Many of those who were able to get in on the homebuyer tax credit, which stipulated that buyers needed to be under contract by April 30, 2010, but also close/settle by June 30, 2010, are now finding themselves in a bit of a pickle.

So many people bought homes in order to take advantage of the credit that banks, lenders, title companies, and every other body that plays a role in the settlement of real estate transactions, are having one heck of a time getting it all done by the June 30 deadline (which is approaching rapidly). They’re so backlogged that many buyers might not get their tax credit after all.

Unless Congress takes action. Quickly.

Right now, they are considering extending the time to close those transactions by as much as three months.
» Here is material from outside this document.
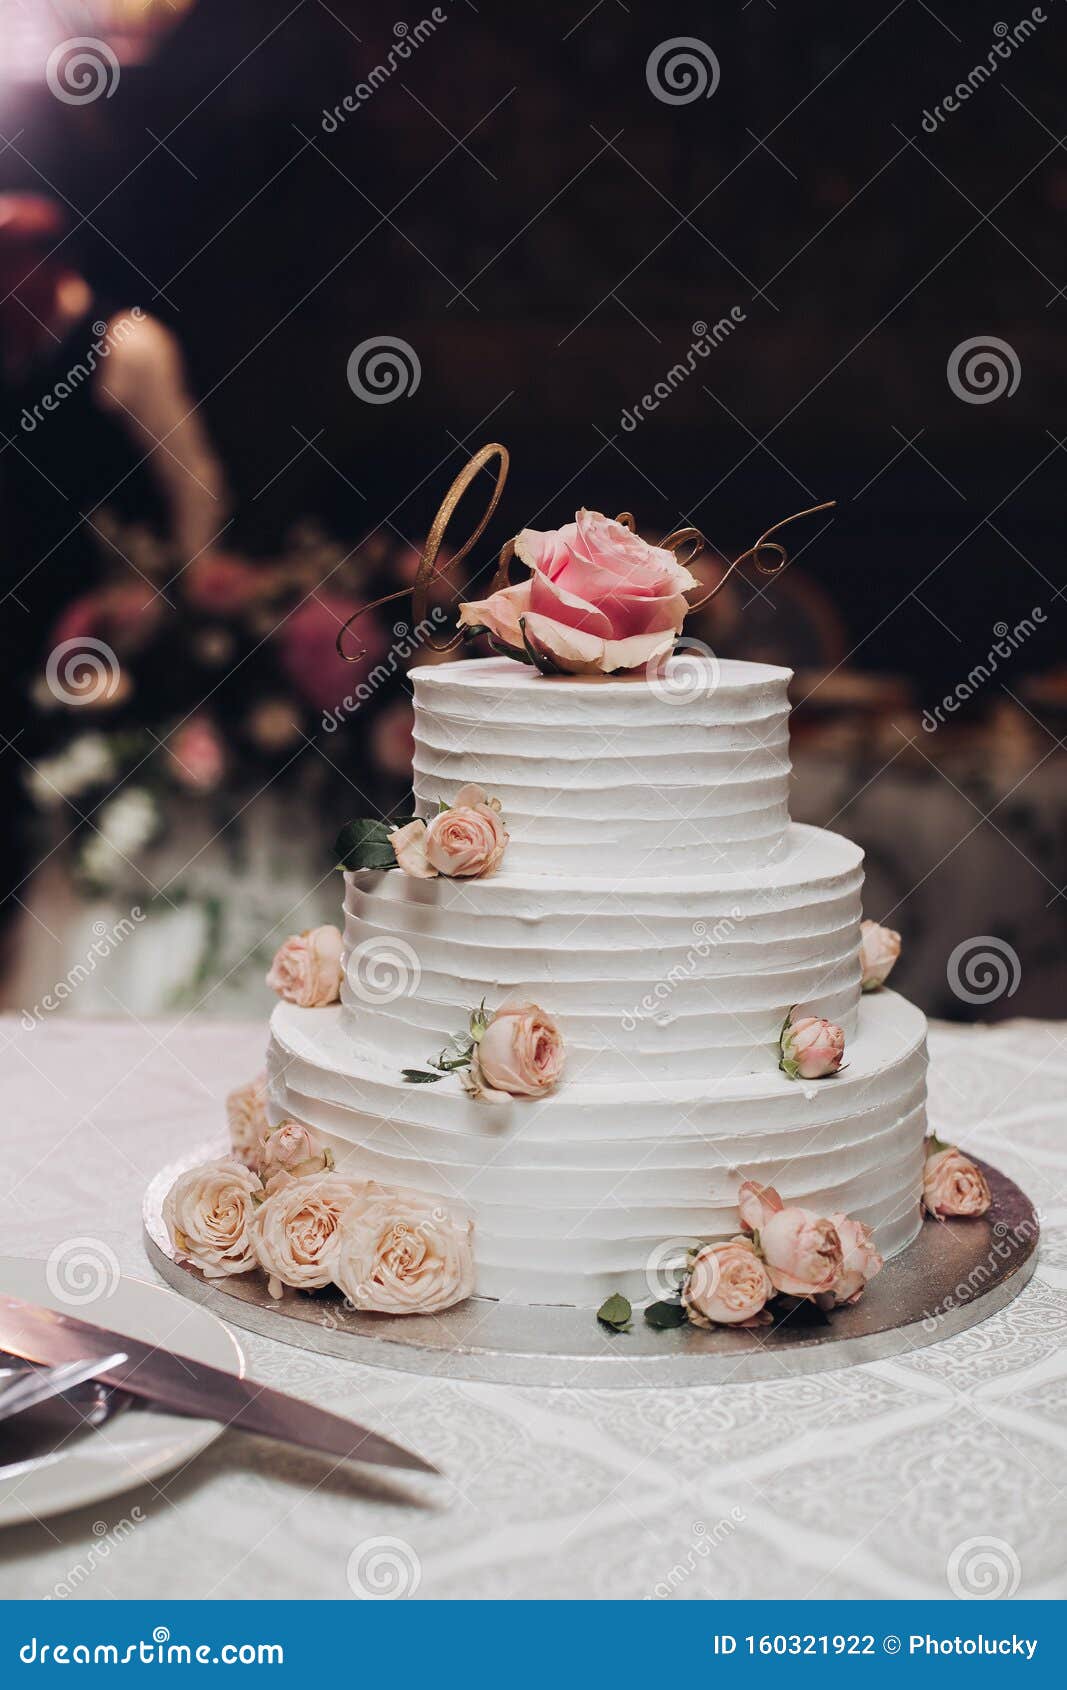 Pin by Niki Belles on Mom | Big birthday cake, Cake, Pretty birthday cakes

That’s a good thing, too, because the National Association of REALTORS (NAR) estimates that if Congress takes no action, as many as 75,000 homebuyers might lose out because they can’t meet the June 30 deadline.

Regardless of your position on whether the tax credit was a good idea in the first place, I think we can all agree that everyone who was under contract in time to claim it ought to be able to do so. That the settlement process is totally backlogged isn’t their fault and they shouldn’t be punished as a result.

What will Congress do? Will they save the day for tens of thousands of Americans? Stay tuned … the credits on this story haven’t rolled just yet!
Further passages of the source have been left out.